Search code examples
pythonmachine-learningplotchartssimilarity

I have plots of points that I extract from an image. How can I determine a similarity measure between two different plots?


Each point has an x, y, and size.

For example these should result in similar:

Plot 1-A:

Plot 1-A

Plot 1-B:

Plot 1-B

And these should not result in similar:

Plot 2-A:

Plot 2-A

Plot 3-A:

Plot 3-A

Are there any algorithms or ways to determine similarity of the plots.
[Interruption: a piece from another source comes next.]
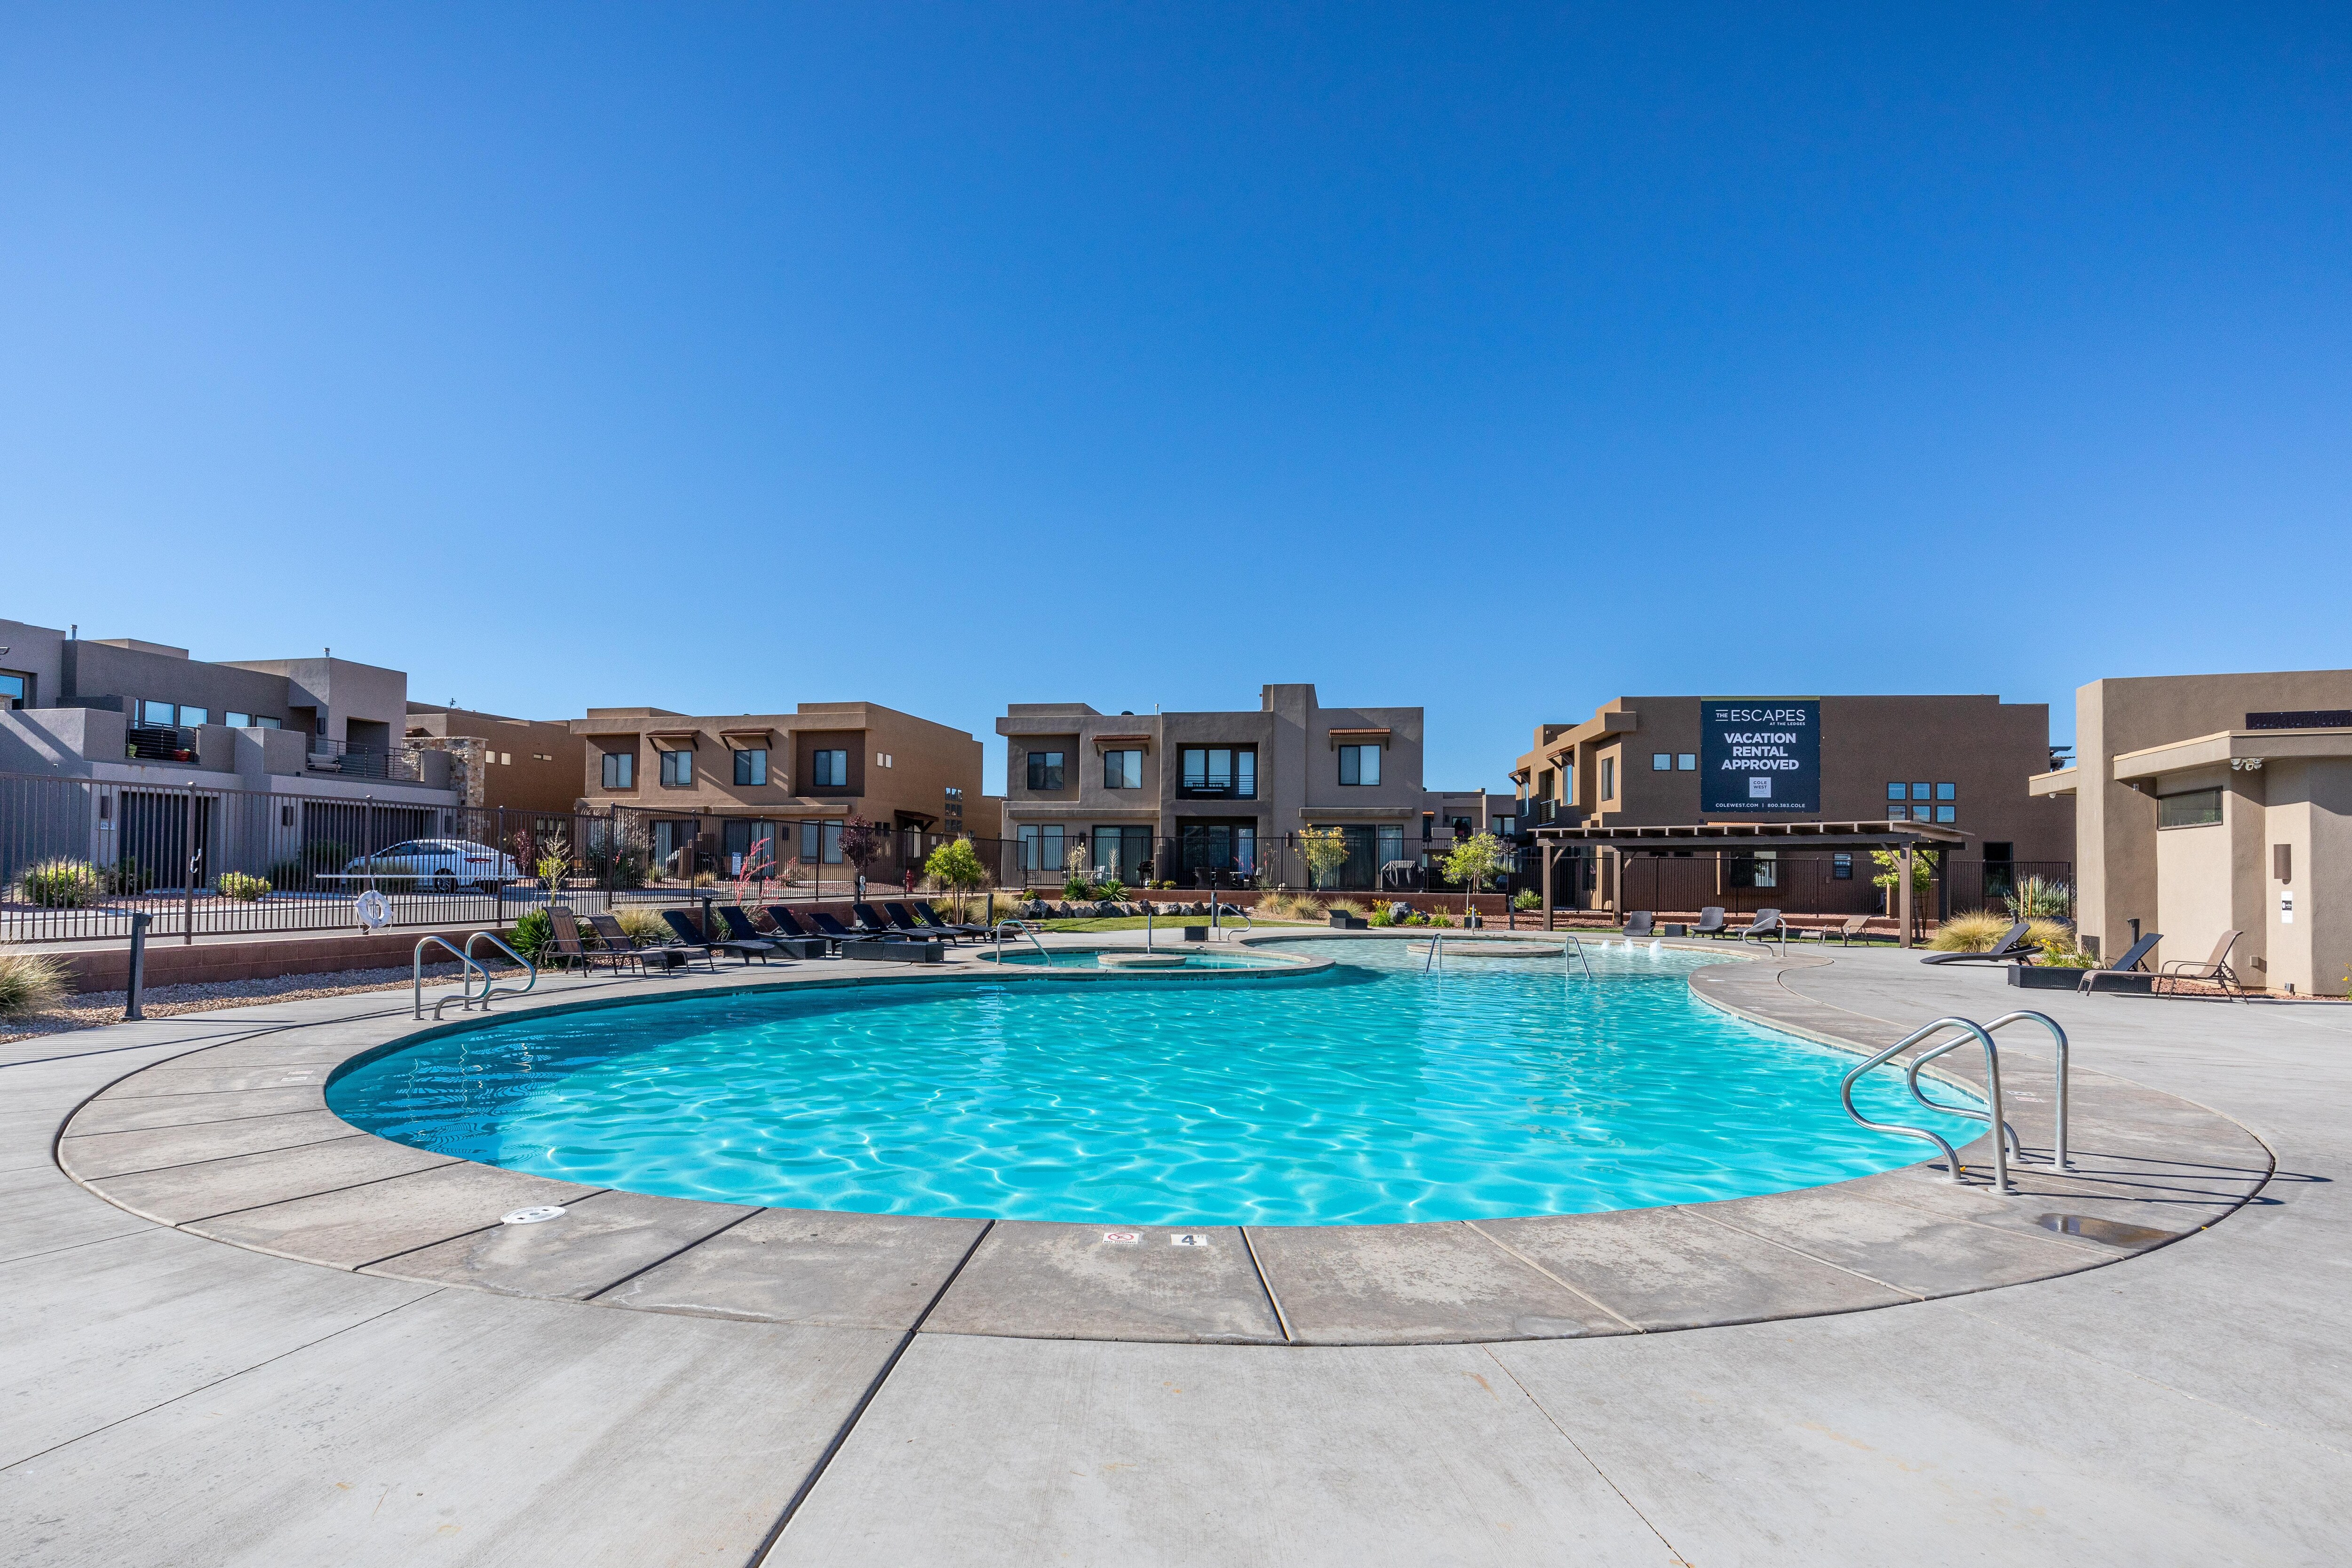 The pool and hot tub for amenity 1 are heated year-round and guests receive complimentary access when staying in our rental units.

I tried creating a feature vector for each graph like number of points in each quadrant, the largest point size, distance between the two largest points and doing cosine similarity. But I keep getting high similarities for non matching graphs. I was looking into creating a ML model for this and was looking into siamese model, but cannot get it to train correctly.


Solution

  • you could look at converting your data into a matrix that covers the entire plain you have on the x,y space with each point representing a part of the matrix, large data points will then be represented automatically. A 1 represents whether there's something in that cell, a 0 representing white space

    For example, If you have a 3X3 space, having a matrix space like below:

    101
    010
    111
    

    and

    111
    011
    101 
    

    You can do a cosine similarity on both these matrices to evaluate the closeness to each other. There might be some libraries in OpenCV that could help you with this, my answer covers the principle you would need to aim to achieve. The main issue you have is representing your data in a way that's conducive for comparisons.